First, the re-convergence issue is flagged only when the sources are synchronized in the same destination clock domain (e.g., synchronizers are driven by same clock-net). However, if multiple clocks are driving the synchronizer registers, then clock-relationships among different registers are not considered, which can lead to a miss of a potential re-convergence issue in the system-on-chip (SOC) and cause a functional failure in the design. Second, a violation is flagged by the re-convergence checks, even if the converging synchronizers are driving a register which is driven by a clock having an asynchronous relationship with the clocks driving the synchronizers. Such a violation can be considered noise to the synchronizer clocks, as it is a metastability issue and not a coherency issue.
Aspects of the present disclosure relate to methods for identifying coherency issues in register-transfer level (RTL) designs, which can occur due to divergence and re-convergence of synchronizer objects having a synchronous clock-relationship. In one embodiment, the method identifies the clock domain crossing (CDC) synchronizers in the RTL description of the design, and generates a levelized topological abstract graph (LTAG) including a network of nodes. Each node includes a CDC synchronizer or a circuit element. The method further includes traversing the LTAG, starting from a first output of a CDC synchronizer in a node, and identifying one or more converging points where a first CDC synchronizer is converging with a second CDC synchronizer. The method further includes identifying a first potential convergence violation associated with the first CDC synchronizer and the second CDC synchronizer, and generating a report including information identifying the converging CDC synchronizers.

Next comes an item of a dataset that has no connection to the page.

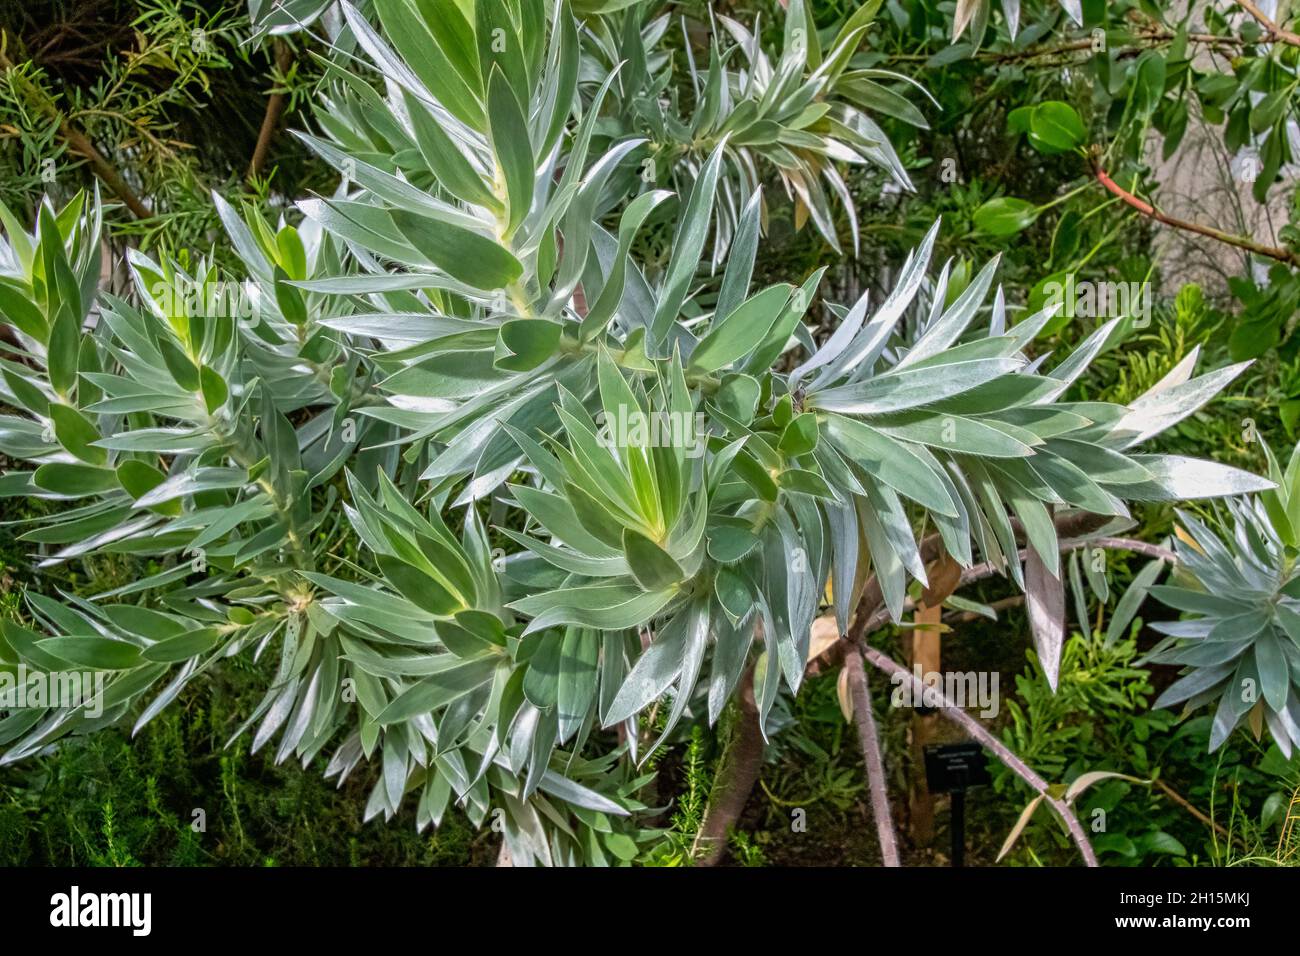 Le Leucadendron argenteum est une espèce végétale en voie de disparition de la famille des Proteaceae, souvent appelée arbre argenté Banque D'Images
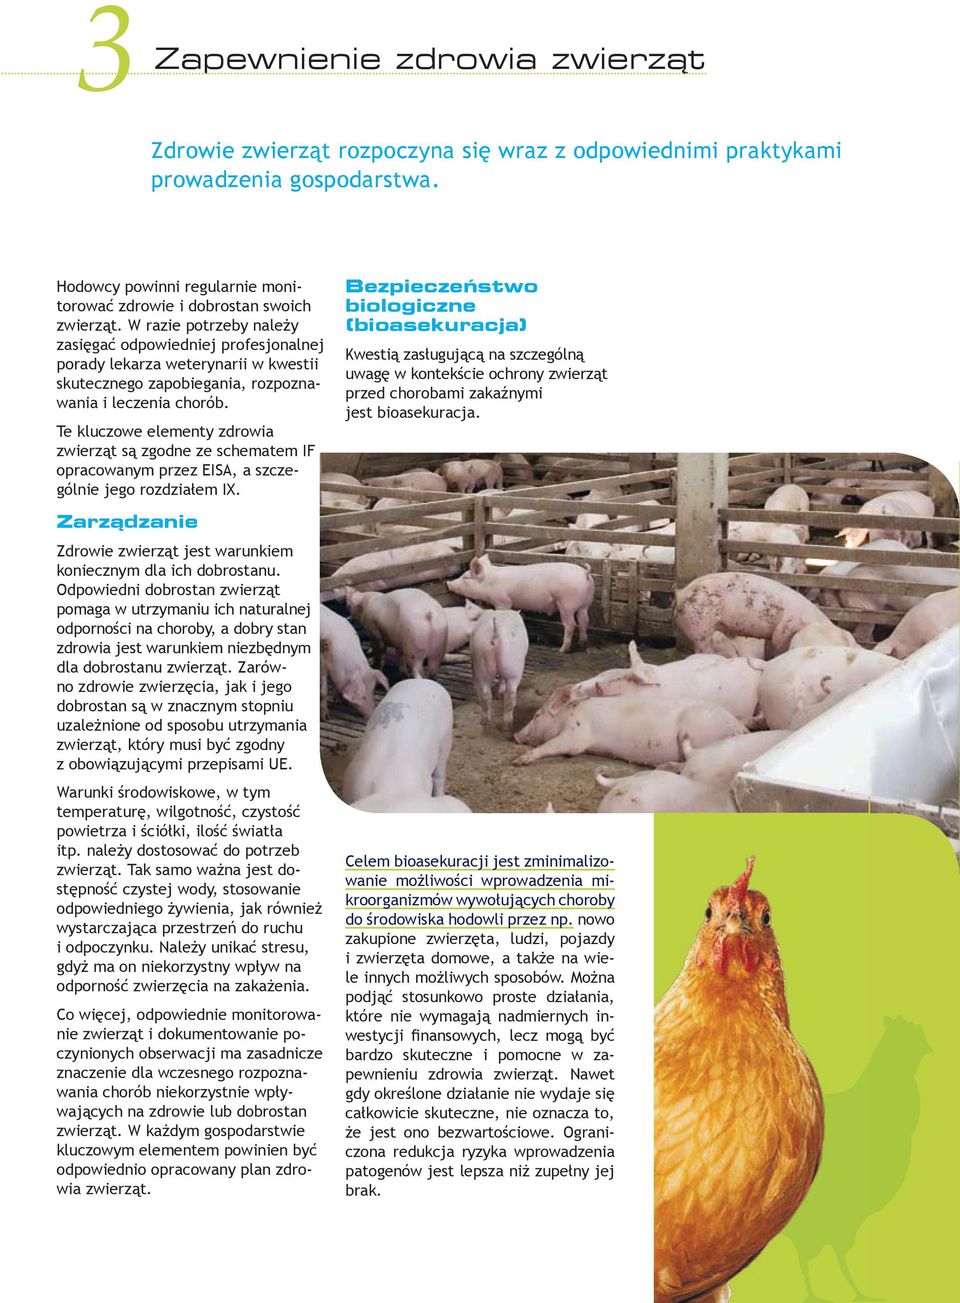 Te kluczowe elementy zdrowia zwierząt są zgodne ze schematem IF opracowanym przez EISA, a szczególnie jego rozdziałem IX. Zarządzanie Zdrowie zwierząt jest warunkiem koniecznym dla ich dobrostanu.

Advantages of the present disclosure include, but are not limited to, ease of integration of the disclosed methodologies into any simulation tool. Such a simulation tool may be able to identify potential chip killer issues early at the RTL implementation stage. Additionally, end-point analysis provided in the disclosed systems and methods result in reduction of noisy violations thus reducing bandwidth requirement. Additionally, the methods and systems disclosed are highly performance optimized with better turnaround time for solving complex problems, resulting in less processor utilization and less memory requirement.
FIG. 1 illustrates a block diagram of an integrated circuit (IC) 100 with a convergence issue. IC 100 includes flip- flops 102, 104, 106, driven by Clk_A, flip- flops 108, 110, 112, driven by Clk_B, and a seventh flip-flop 114 with output port O. In this example, the source signals X1 and Y1 (driven by Clk_A) are synchronized at the destination side by respective synchronizer flip-flops (driven by Clk_B, which is asynchronous to Clk_A). However, here the re-convergence issue at location 116 is flagged only when the sources are synchronized in the same destination clock domain (e.g., synchronizers are driven by same clock-net).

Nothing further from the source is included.